When you work for someone else throughout your career estate planning can be challenging, but when you are part owner of a small business there are additional factors to consider. For one thing, if one of your partners was to pass away it is unlikely that his or her heirs will be able to step in and immediately fill that role without missing a beat.
In addition to that, even if they did want to take over and fill the shoes of the deceased partner, you and the rest of the partners may not feel comfortable with this arrangement. And in full fairness, if you were to pass away your partners would probably feel the same way about your heirs and indeed, your family members may have no interest in spending their time helping to run the business.

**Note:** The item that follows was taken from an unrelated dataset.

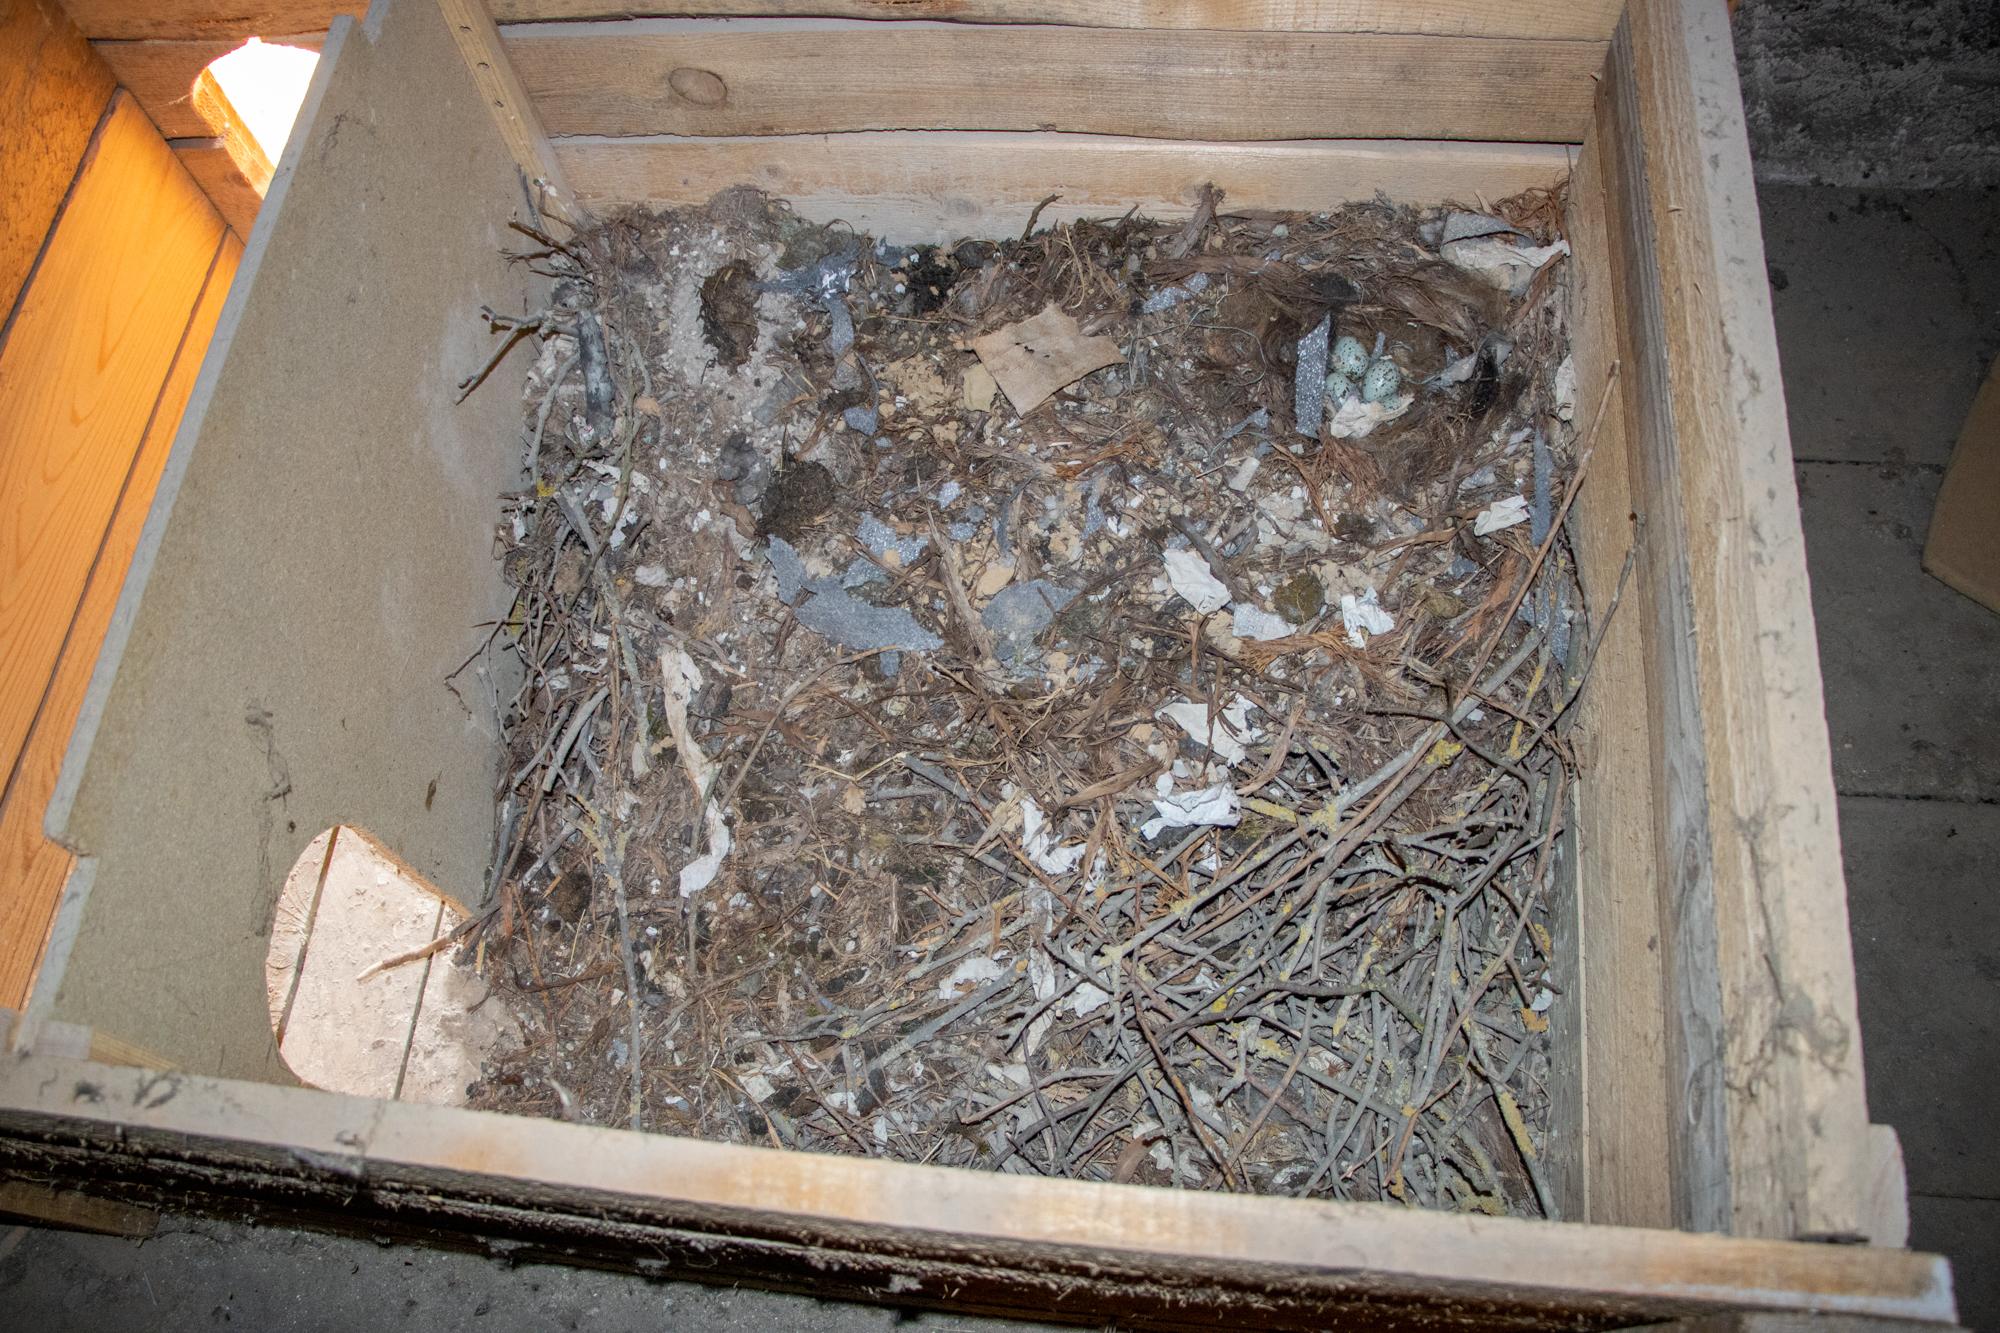 Nest mit viel Reisig im Nistkasten auf dem Dachboden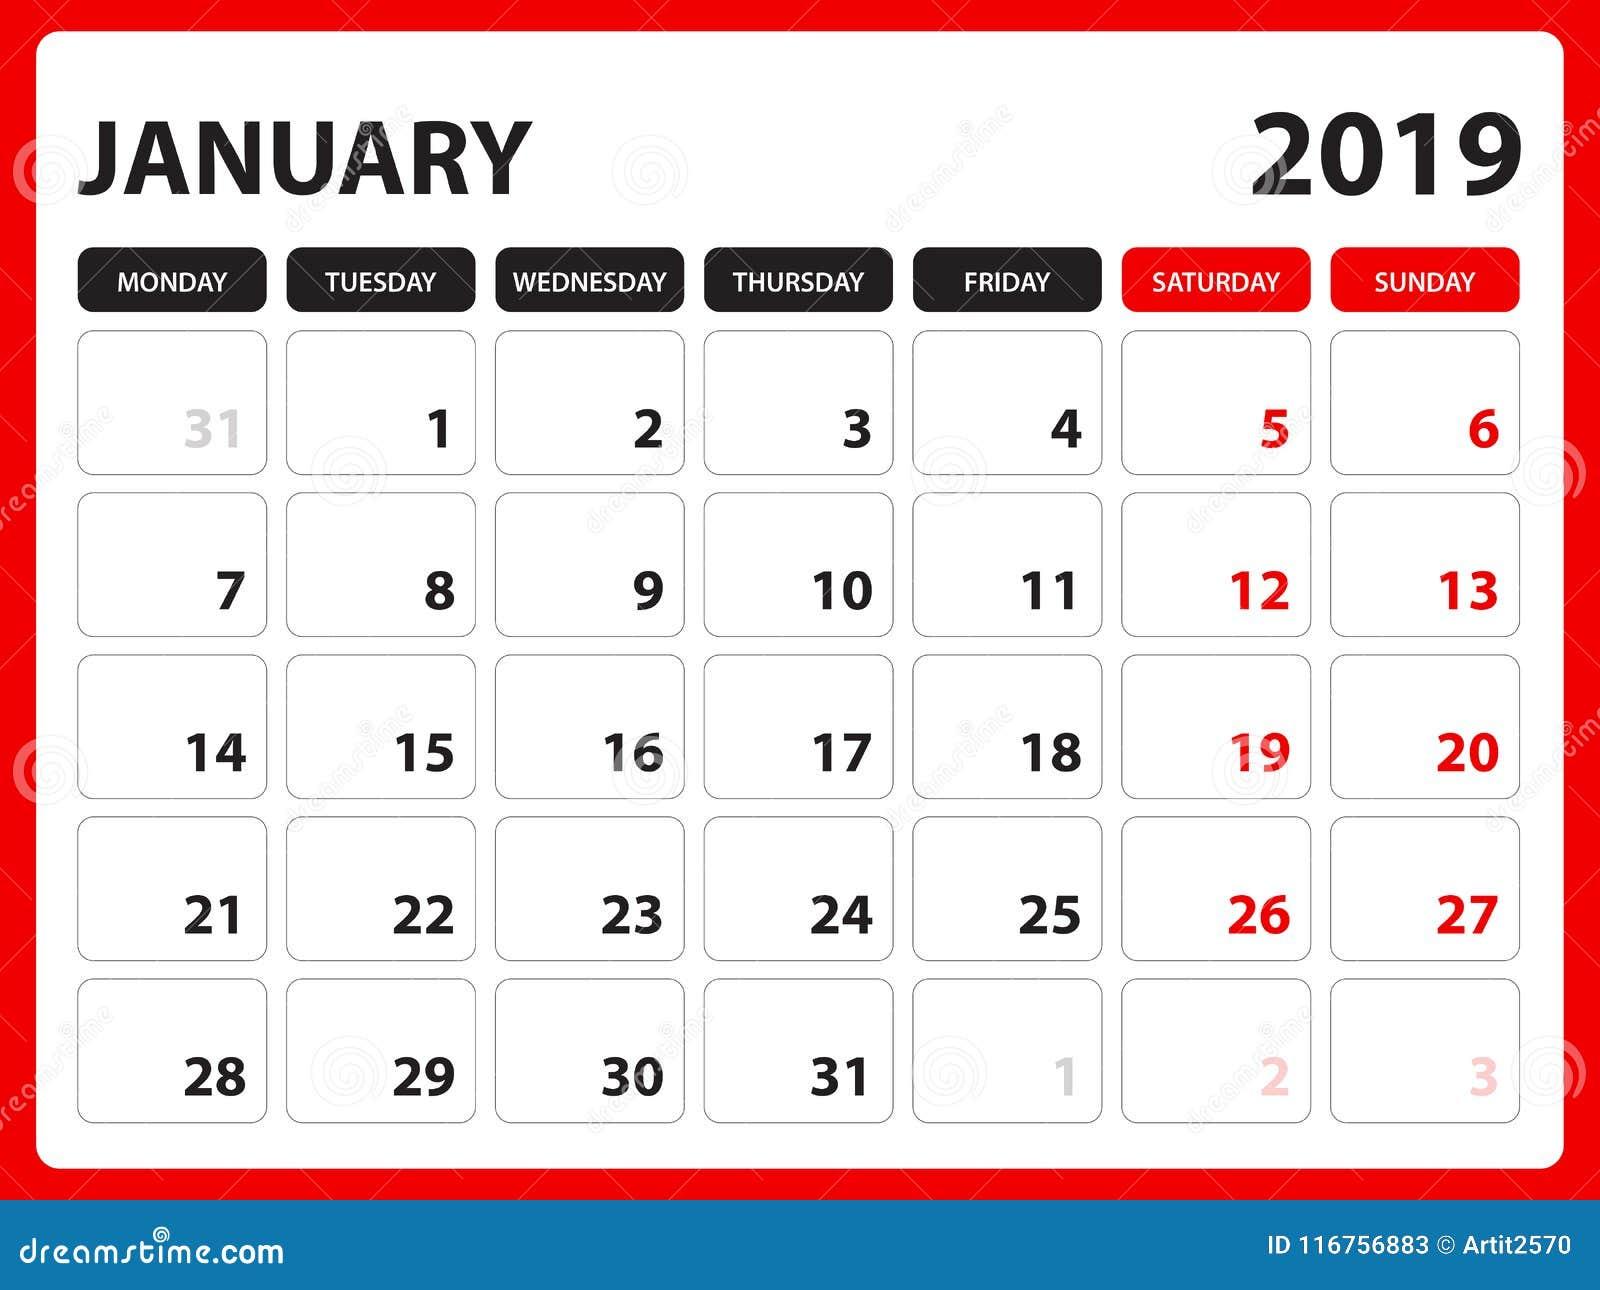 Το ημερολόγιο γραφείων για το πρότυπο τον Ιανουάριο του 2019, εκτυπώσιμο ημερολόγιο, πρότυπο σχεδίου αρμόδιων για το σχεδιασμό, ε

One of the ways that this type of small business succession situation is handled is through the use of buy-sell agreements. There are two approaches that are most typically used, and the first one we will touch upon is the cross purchase plan. The way this works is that the partners decide on the value of each ownership share. They then take out life insurance policies on one another in an amount equal to each partner’s share, the total of which equals the total agreed upon value of the business. An agreement is drawn up stipulating that upon the death of one of the owners the remaining partners will buy out his or her share from the heirs of the deceased with the proceeds from the life insurance policies.
The other type of buy-sell agreement that is often used is the entity purchase plan. With this approach the business itself purchases life insurance on each partner in an amount that is based on an agreed-upon valuation of the ownership shares. When one of them passes away the business uses the life insurance benefits to purchase the ownership share of the deceased partner from his or her family.